Within the records below, find the line with "1964 PORSCHE 356 C Cabriolet 1600 SC 75427" and the line with "Vans Vans Vans", then reproduce exactly those two lines and all lines between them, without any picture.

RECORDS —
::::

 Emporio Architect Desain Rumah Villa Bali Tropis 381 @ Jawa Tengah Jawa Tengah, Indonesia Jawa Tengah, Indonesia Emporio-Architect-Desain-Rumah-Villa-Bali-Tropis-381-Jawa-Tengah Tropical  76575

::::

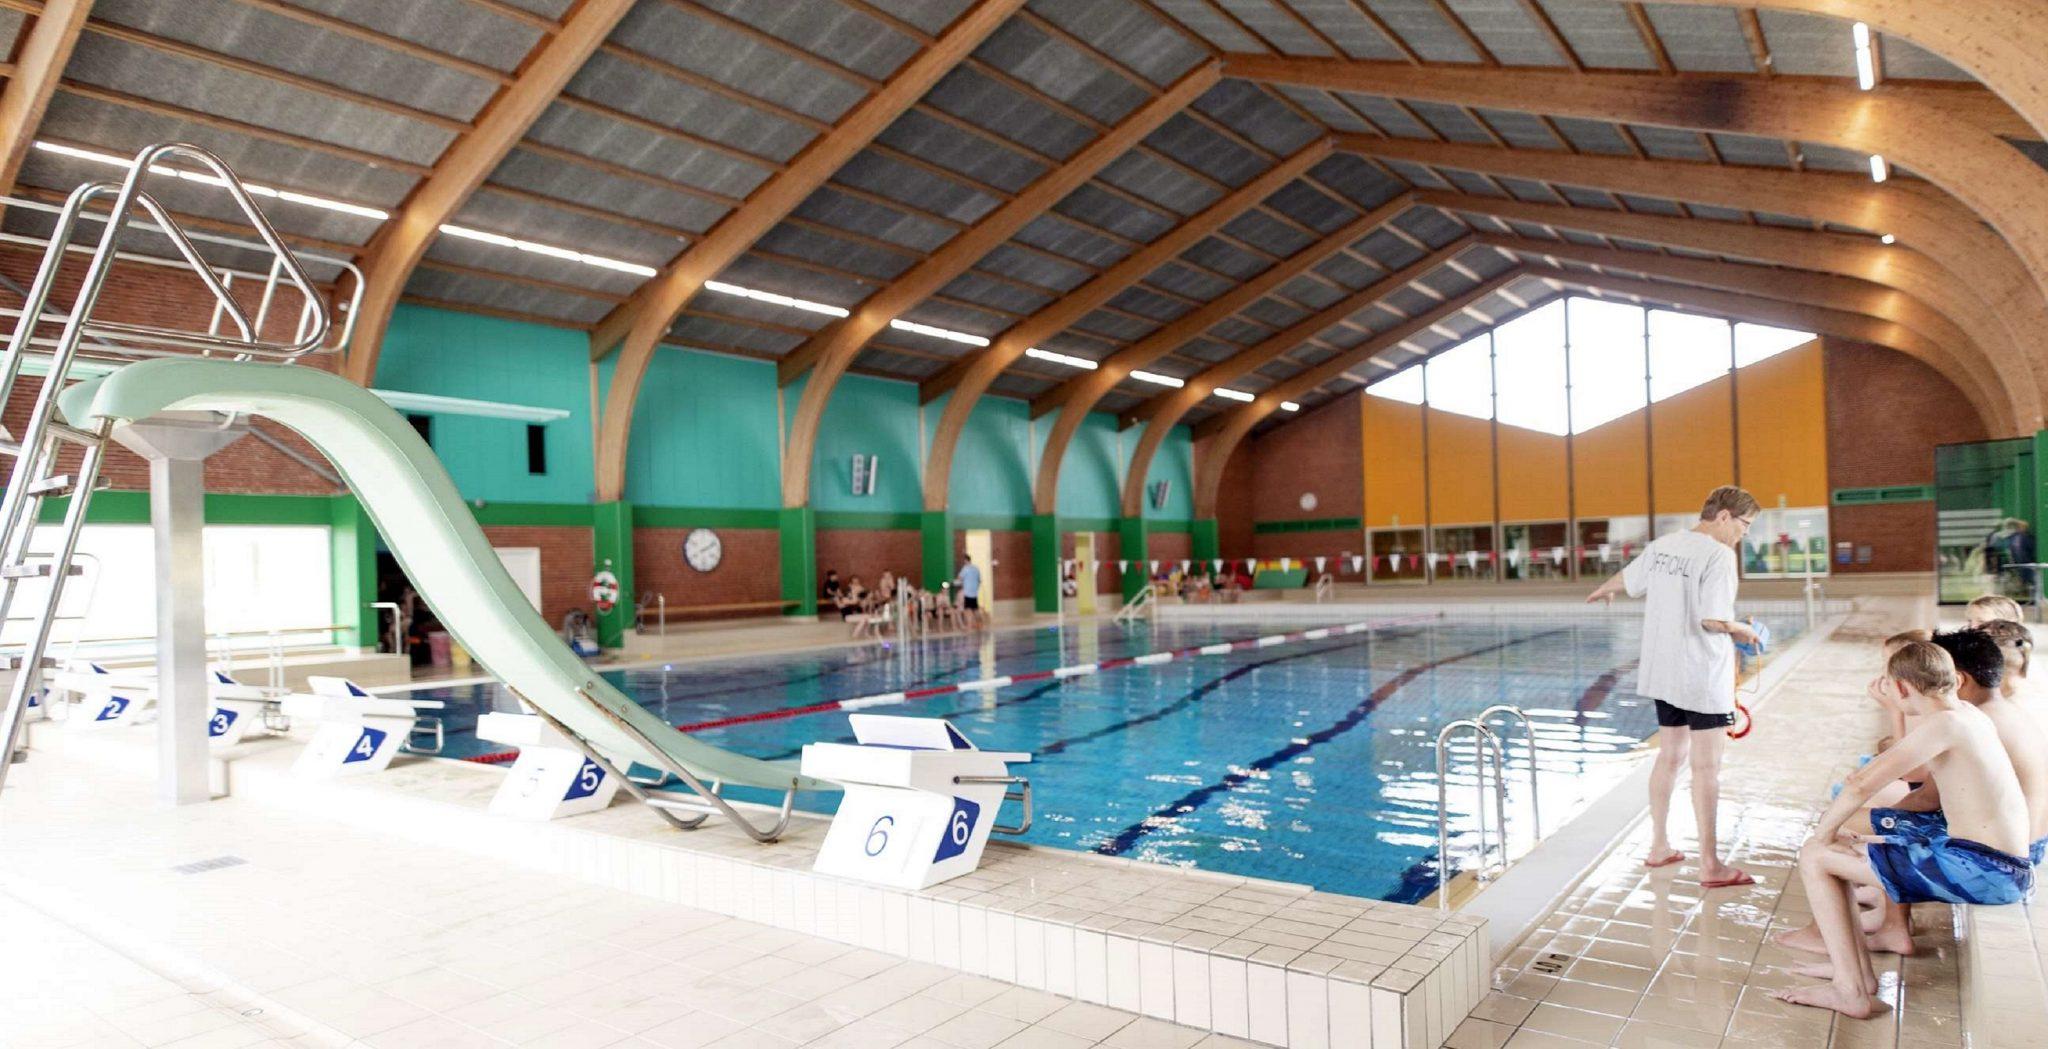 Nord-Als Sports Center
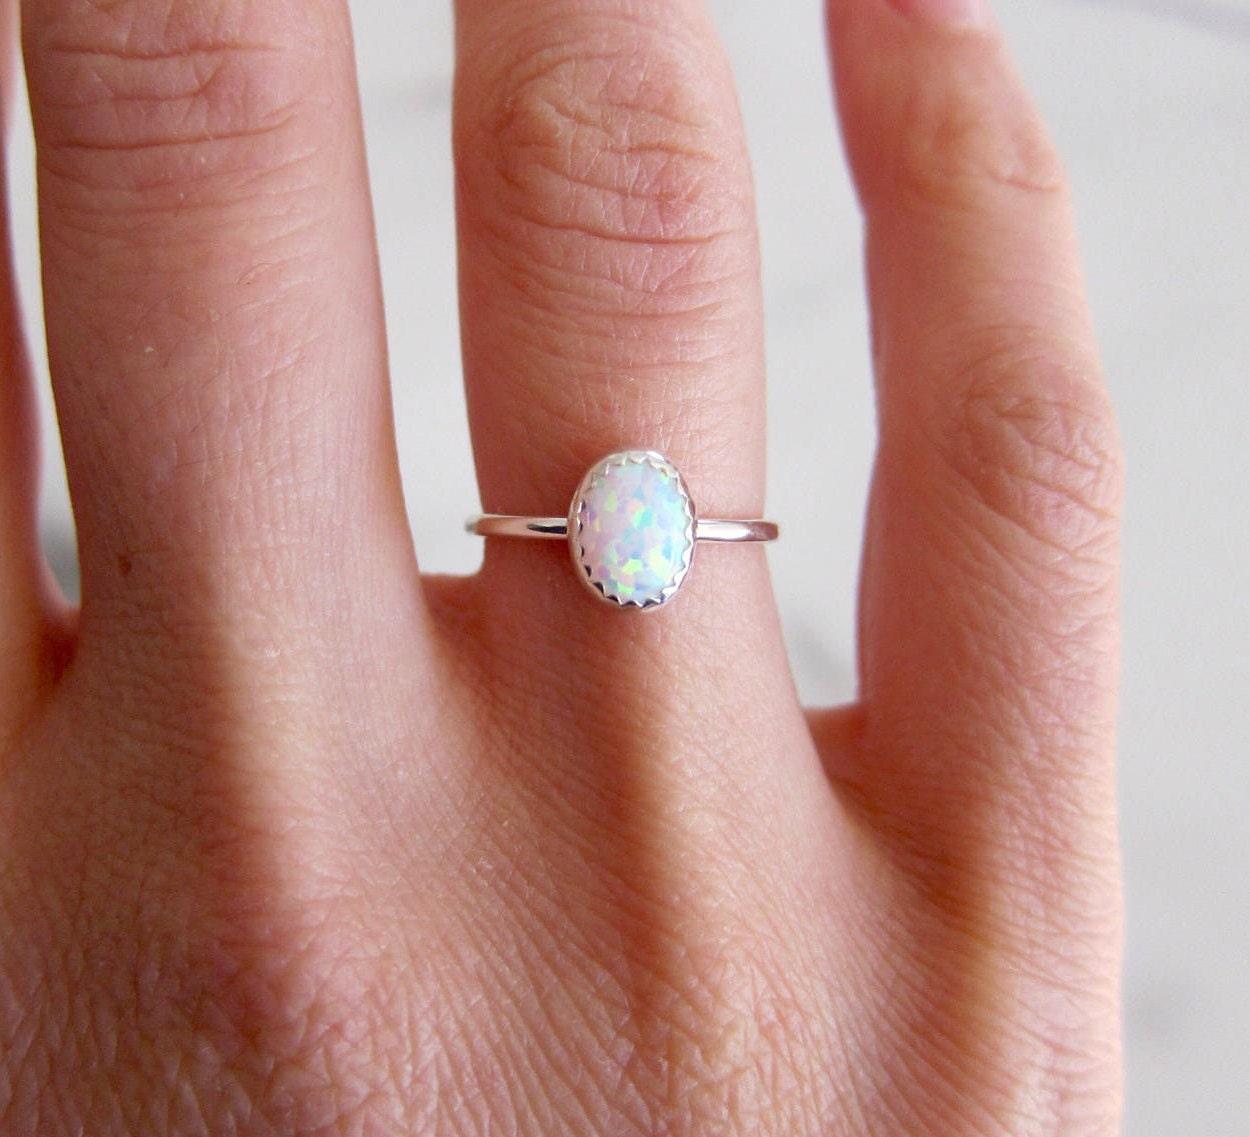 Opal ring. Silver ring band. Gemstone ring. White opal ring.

::::

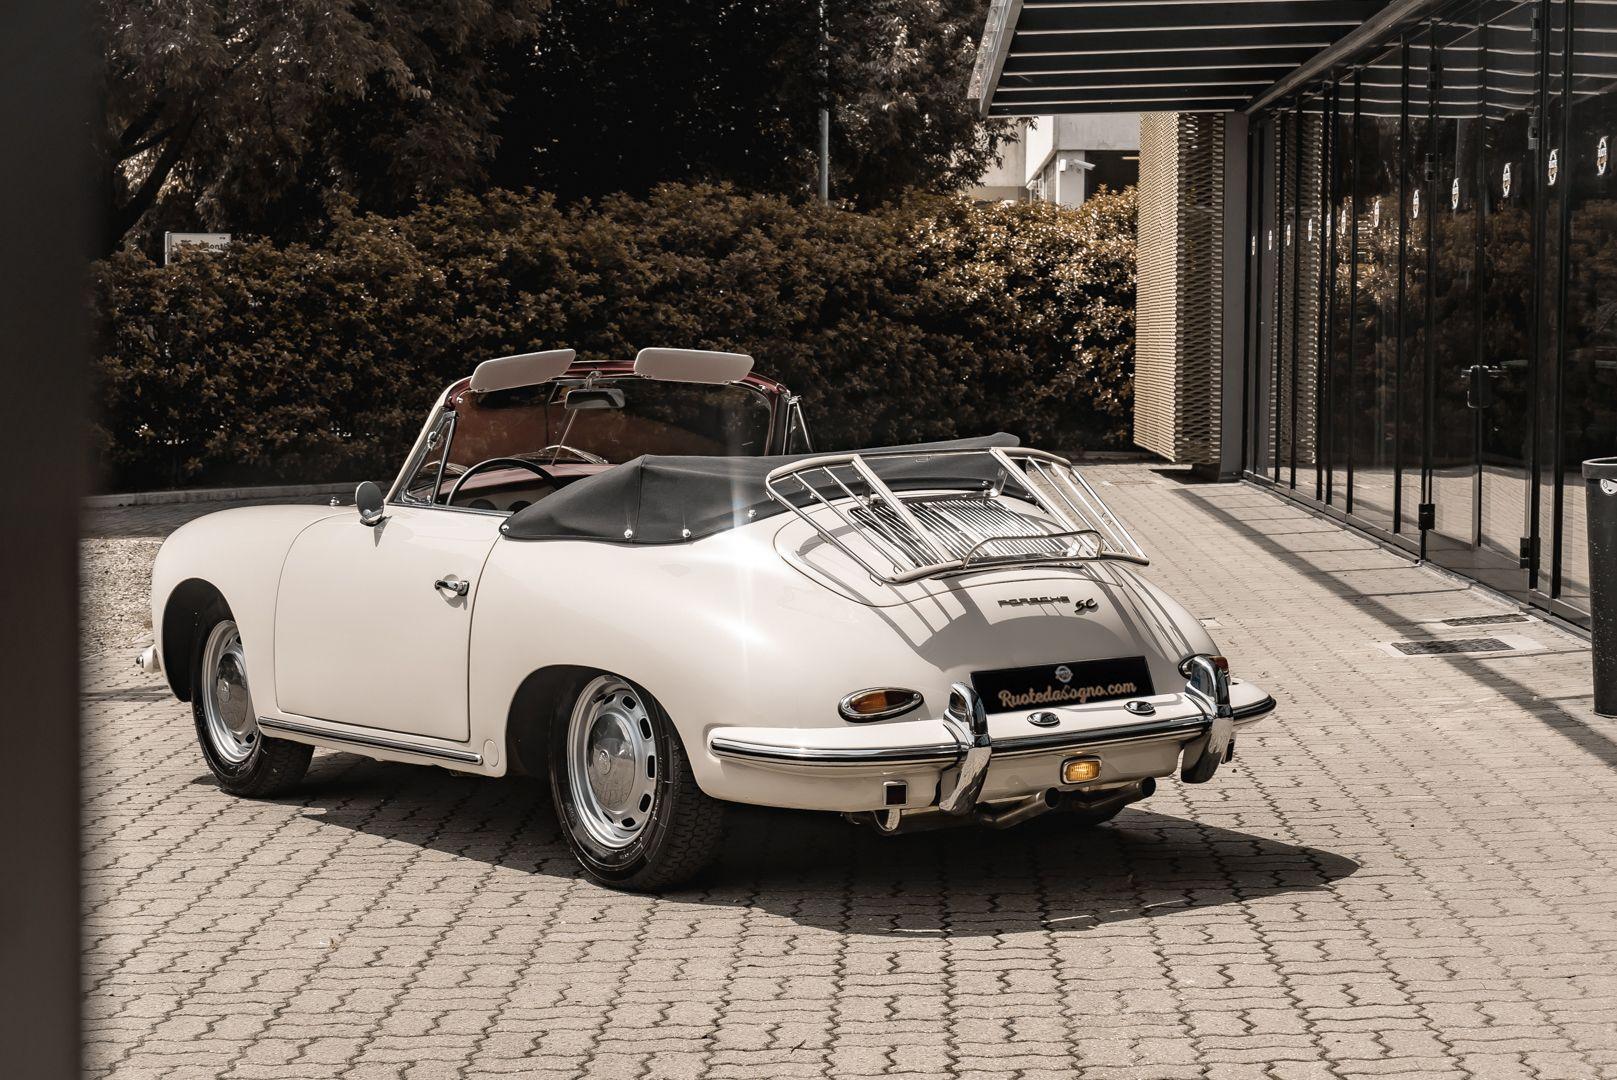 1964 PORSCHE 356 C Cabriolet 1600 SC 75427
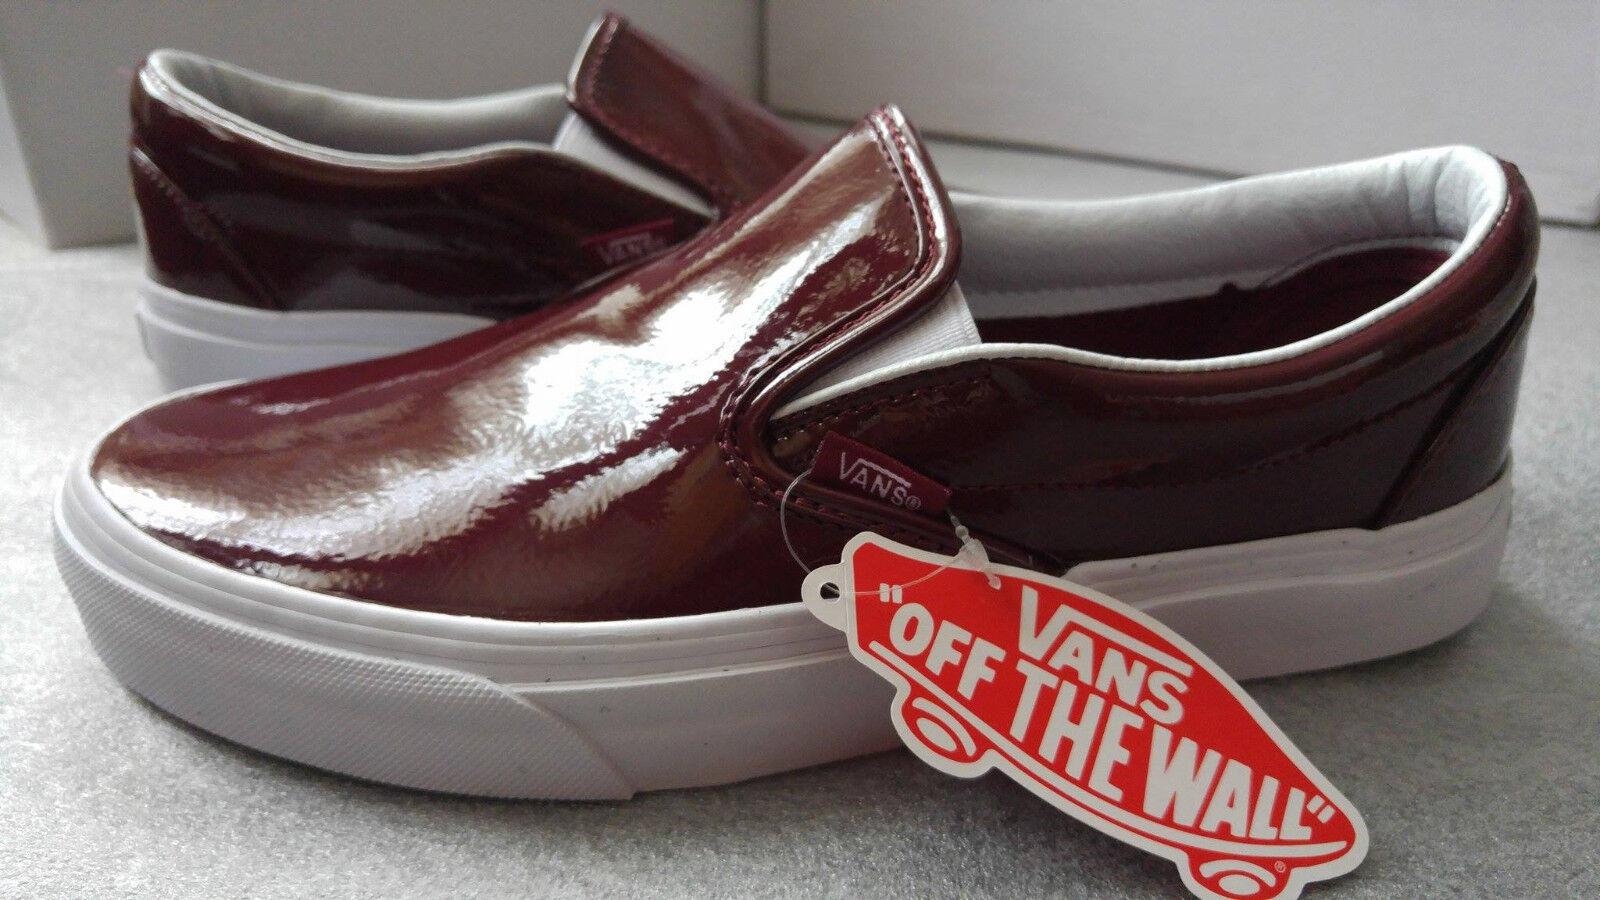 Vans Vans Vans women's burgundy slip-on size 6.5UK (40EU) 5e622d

::::

RESPONSE BELOW —
 1964 PORSCHE 356 C Cabriolet 1600 SC 75427
 Vans Vans Vans women's burgundy slip-on size 6.5UK (40EU) 5e622d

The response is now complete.